Amazon云服务S3宕机的真实原因,重点看评论

 

Amazon云服务给出了S3宕机的原因分析。表面上看是人员误操作,移除不应该移除的服务器。实际上是Amazon没有测试和预料的重启系统时间和架构问题。更重要的可能还会出问题的是没有遵从N+2的运维原则。...



评论:Amazon云服务给出了S3宕机的原因分析《Summary of the Amazon S3 Service Disruption in the Northern Virginia (US-EAST-1) Region》,表面上看是人员误操作,移除不应该移除的服务器,从而引起其它子系统的重启,花费了很长时间(宕机时间)来恢复。实际上是Amazon没有测试和预料的重启系统时间和架构问题,重启时,单组服务器花费了大量的长于预期的时间来安全检查和数据验证,不是秒和分钟级别,而是小时级别。更重要的可能还会出问题的是没有遵从N+2的运维原则。

We’d like to give you some additional information about the service disruption that occurred in the Northern Virginia (US-EAST-1) Region on the morning of February 28th.

我们想给你们一些关于在2月28日上午在北弗吉尼亚州(US-EAST-1)地区发生的服务中断的额外信息。

评论:国内外很多公司,都会要求在系统出现事故和恢复之后,写一个Post-Mortem,首先记录事故发生的详细过程,按照时间顺序,比如,什么时候收到报警,什么样的报警,什么时候开始诊断和处理,采取了什么行动,行动后的效果如何,最后,是怎么修复的。然后,要分析事故的原因,实事求是。最后,要给出建议和解决方案避免以后类似事故的发生。同时,会把此类问题的诊断和处理流程,写入手册,写成剧本,给之后的运维工程师提供行动纲领。

The Amazon Simple Storage Service (S3) team was debugging an issue causing the S3 billing system to progress more slowly than expected. At 9:37AM PST, an authorized S3 team member using an established playbook executed a command which was intended to remove a small number of servers for one of the S3 subsystems that is used by the S3 billing process.

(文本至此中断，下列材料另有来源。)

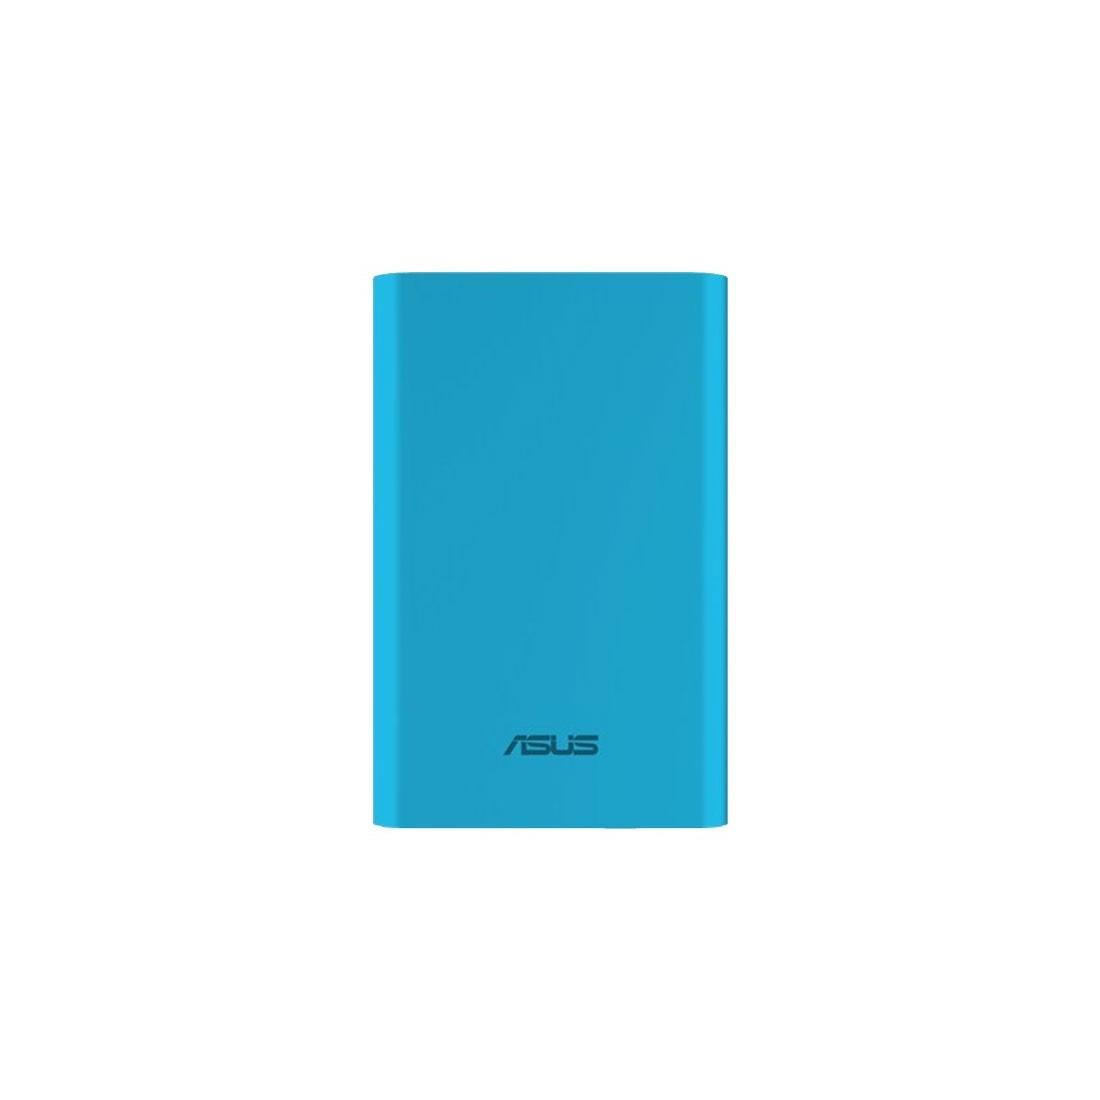 Мобильный аккумулятор Asus ZenPower ABTU005 Li-Ion 10050mAh, 2.4A, 1xUSB, 90AC00P0-BBT029/79, синий аккумулятор asus zenpower ultra 20100mah silver 90ac00m0 bbt020

Amazon Simple Storage Service(S3)团队正在调试一个导致S3结算系统进度比预期慢的问题。在PST上午9:37,使用已建立的剧本的授权的S3团队成员执行命令,该命令旨在为S3计费过程使用的S3子系统移除少量服务器。

评论:手册和剧本带来的好处是可以“无脑无压力”操作,照葫芦画瓢,但不好的地方是容易不经意,以为自己按照指令做了,结果可能由于看错行,或是敲错了,或是参数搞错了,酿成大错。所以,这时,要么要求peer programming,也就是说两个工程师一起工作,一个负责操作,一个负责检查,避免犯错。或是,最好能把剧本中操作自动化,设计成wizard,写成脚本,尽量减少人的参与。

Unfortunately, one of the inputs to the command was entered incorrectly and a larger set of servers was removed than intended. The servers that were inadvertently removed supported two other S3 subsystems.

不幸的是,命令的输入参数之一输入不正确,造成比预期的更大的服务器集合被删除。 无意中删除的服务器支持另外两个S3子系统。

评论:就算有手册,一个人操作还是容易犯错。而且这种删除的操作,都不大好回滚,因为改变系统的服务设置,很可能是连锁的实时的反应。

One of these subsystems, the index subsystem, manages the metadata and location information of all S3 objects in the region. This subsystem is necessary to serve all GET, LIST, PUT, and DELETE requests.

这些子系统之一,即索引子系统,管理该区域中所有S3对象的元数据和位置信息。该子系统对于所有GET,LIST,PUT和DELETE请求都是必需的。

The second subsystem, the placement subsystem, manages allocation of new storage and requires the index subsystem to be functioning properly to correctly operate. The placement subsystem is used during PUT requests to allocate storage for new objects.

第二子系统,即放置子系统,管理新存储器的分配,并要求索引子系统正常工作以正确操作。在PUT请求期间使用放置子系统为新对象分配存储。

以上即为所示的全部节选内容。